# Multiple Travelling Salesmen - How to make the second slowest salesman matter?

I'm building a Mixed Integer Linear Program for a variant of TSP I'm dealing with, where there are multiple salesmen. The way I have formulated the problem is that each agent has a time variable $$T_i$$ associated to them which is the time taken for them to complete their route.

My plan to minimize the time taken for everyone to return is then have an extra variable $$T_{max}$$ and do $$\min T_{max} \, s.t. \,T_i\leq T_{max}$$.

This is working and finding solutions but I'm getting the case where the faster agents are taking somewhat counter intuitive routes as the have no incentive since they are not holding up $$T_{max}$$ from being decreased.

Are there any common tricks to make the faster agents also behave somewhat efficiently as well?

## 2 Answers

You are dealing with a multi-objective problem.

A common approach is to first consider your main goal, in your case that is $$T_{max}$$. Once you have found an optimal $$T_{max}$$, you adjust your objective function by minimizing for example the distance traveled. Additionaly, you are adding a constraint to your problem that states that no tour length exceeds the previously found $$T_{max}$$ (now as a parameter, not a variable).

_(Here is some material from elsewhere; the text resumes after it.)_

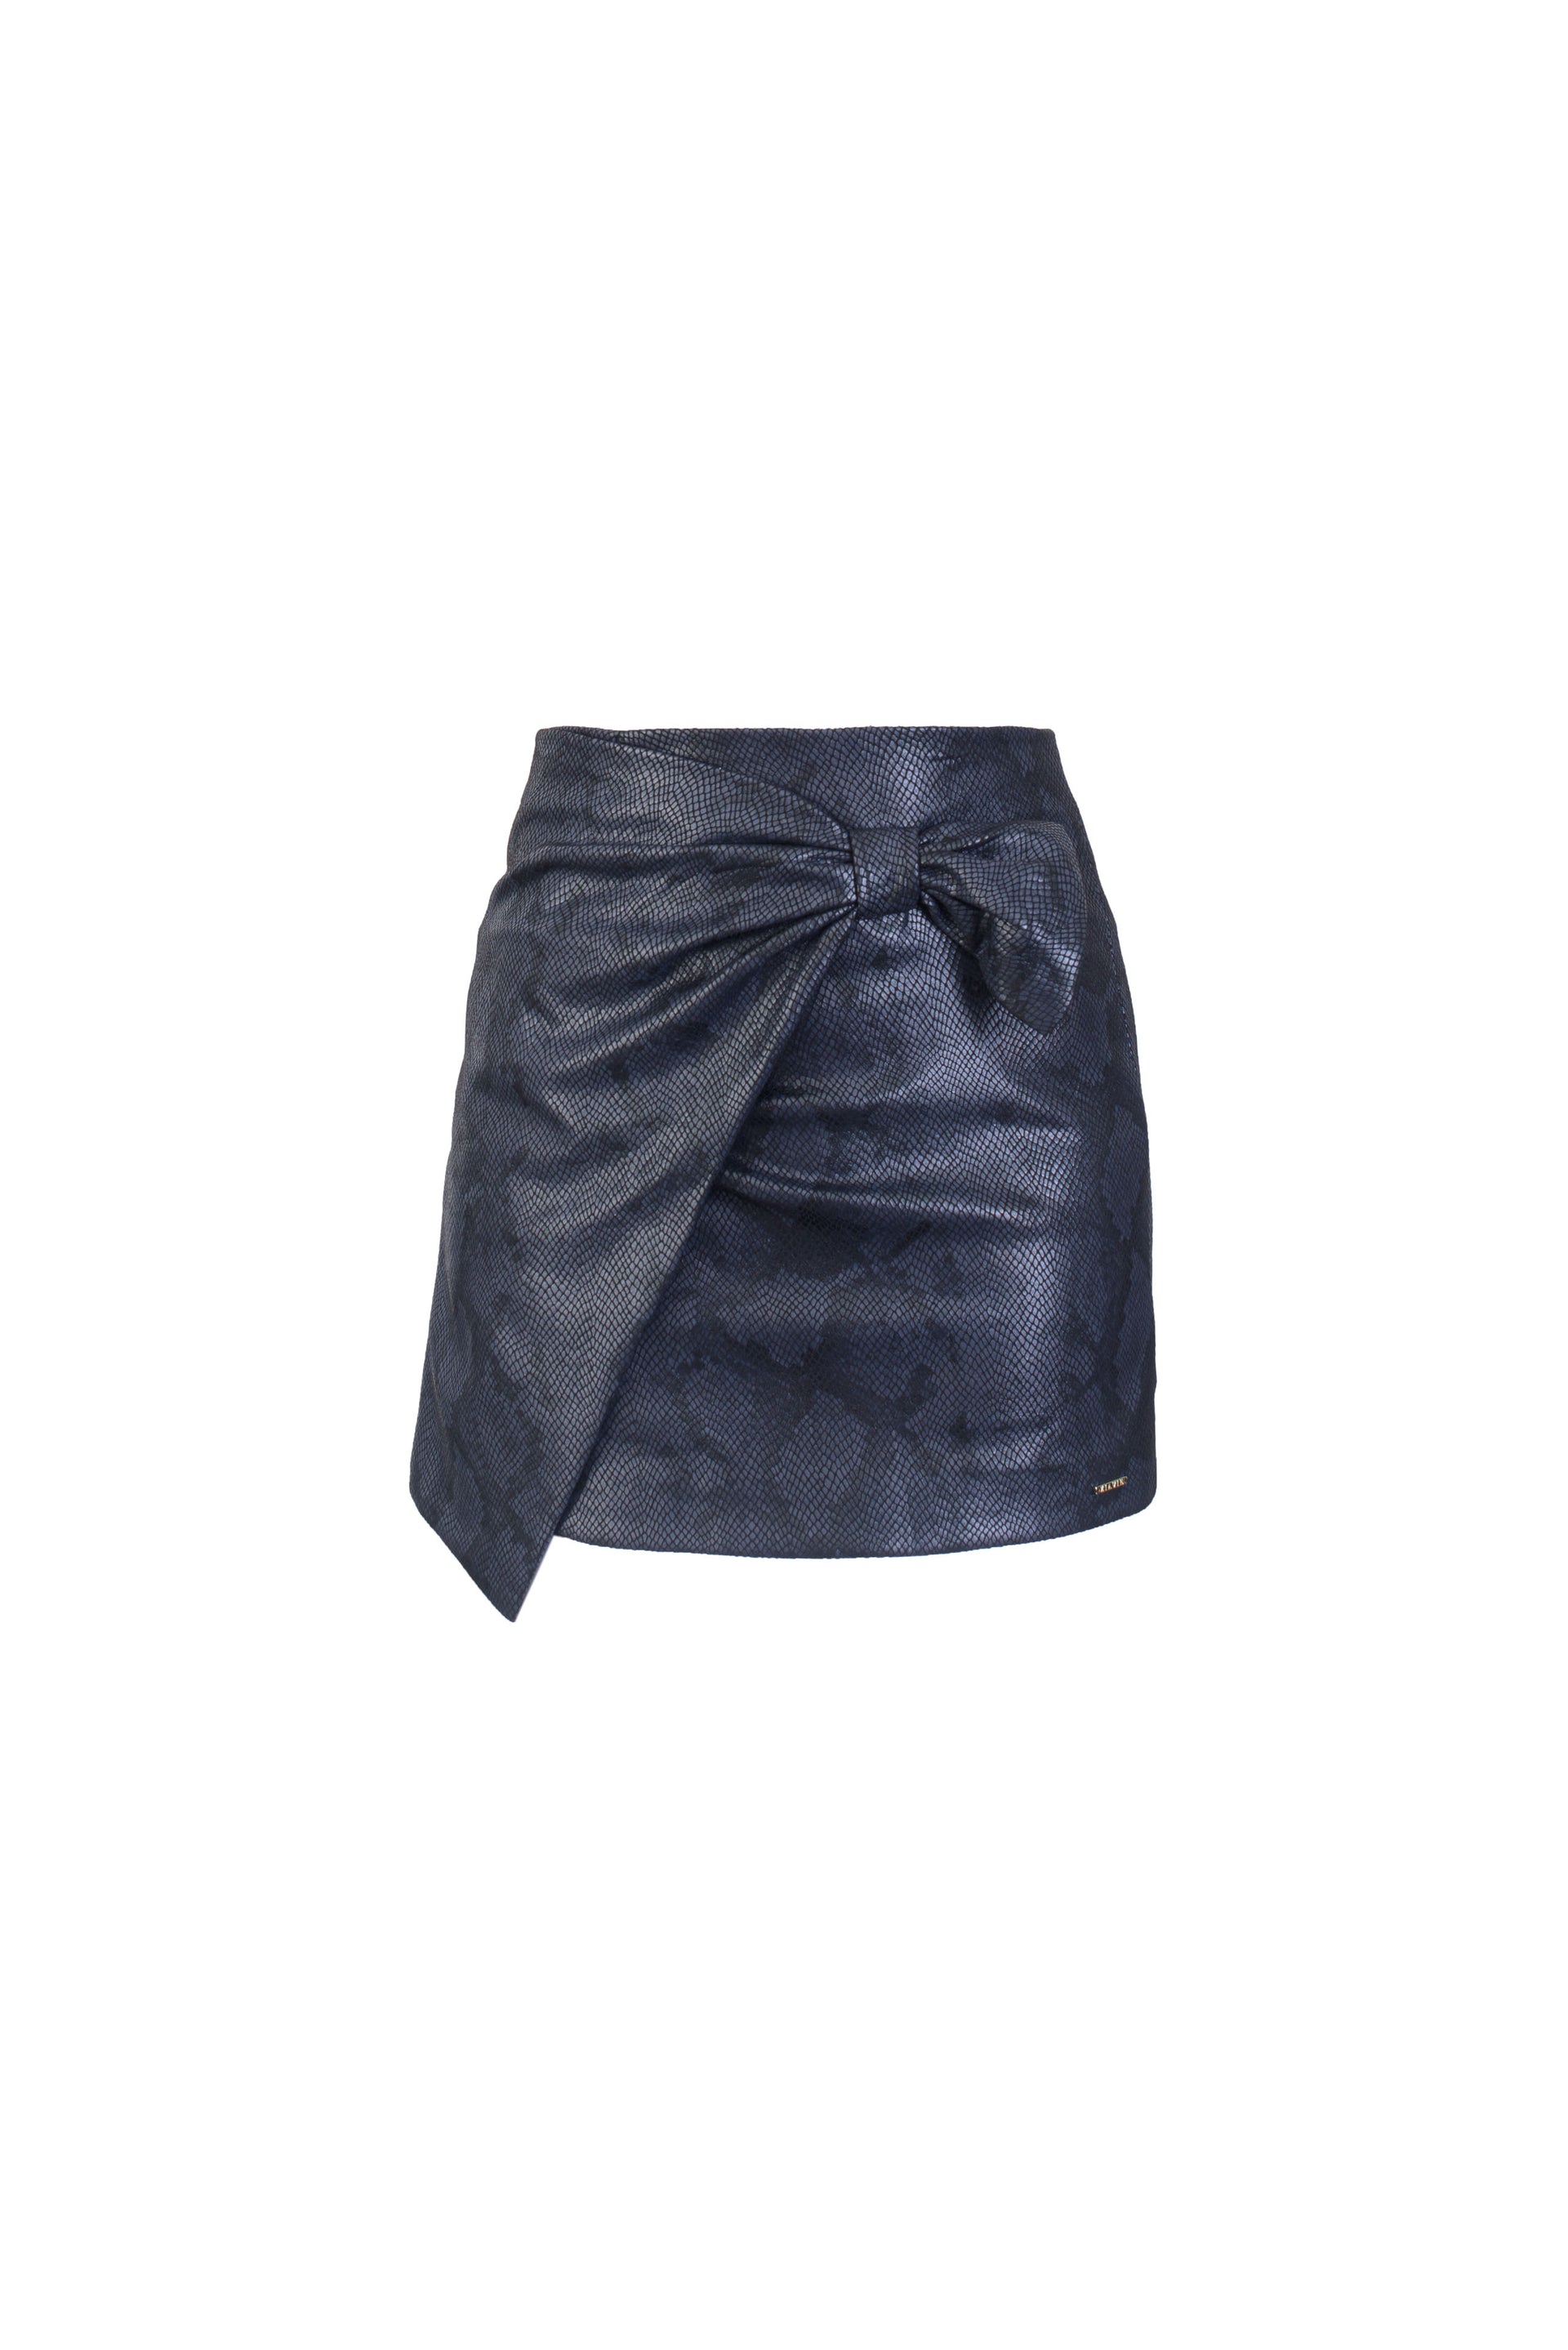 Leather skirts - navy – Lanugo

• Thanks, I suppose this would make the run time linear in the number of agents as I would have to solve the problem then run another minimization for each agent being the objective function? Commented Jun 13 at 11:13
• You do not have to run a problem for each agent, but one with all the agents. Commented Jun 13 at 11:15
• Are you not suggesting something like solve the problem once to get $T_{max}^1$ and then run the problem again, with an extra constraint $T_1 \leq T_{max}^1$ and then solve the problem $\max T_{max} \, s.t. \, T_i \leq T_{max}\, i=2,3,4,..$ and then repeat this for each agent? Ah I see how they're different, your approach should take that all into account since the sum of all the paths should be minimised! Thanks Commented Jun 13 at 12:29
• Some MIP solvers support multiple objectives with lexicographic ordering (which is what is proposed here). They would only require solving the model once.
– prubin
Commented Jun 13 at 16:06

In addition to the multiobjective approach suggested by @PeterD, another possibility is to penalize the total time taken by each agent in the objective. The objective would now be to minimize $$T_{max} + \lambda \sum_i T_i$$ where $$\lambda > 0$$ needs to be small enough that it does not lead to a solution which extends the time of the slowest agent in order to save time with faster agents. (This assumes that agents can interfere with each other in some way.)

The upside to this approach is that it requires solving the model just once and does not require support for multiple objectives in the solver. The downside is that it requires guessing a value of $$\lambda$$ that is large enough to make the gain from reductions in route times bigger than rounding error while small enough not to result in inflation of $$T_{max}.$$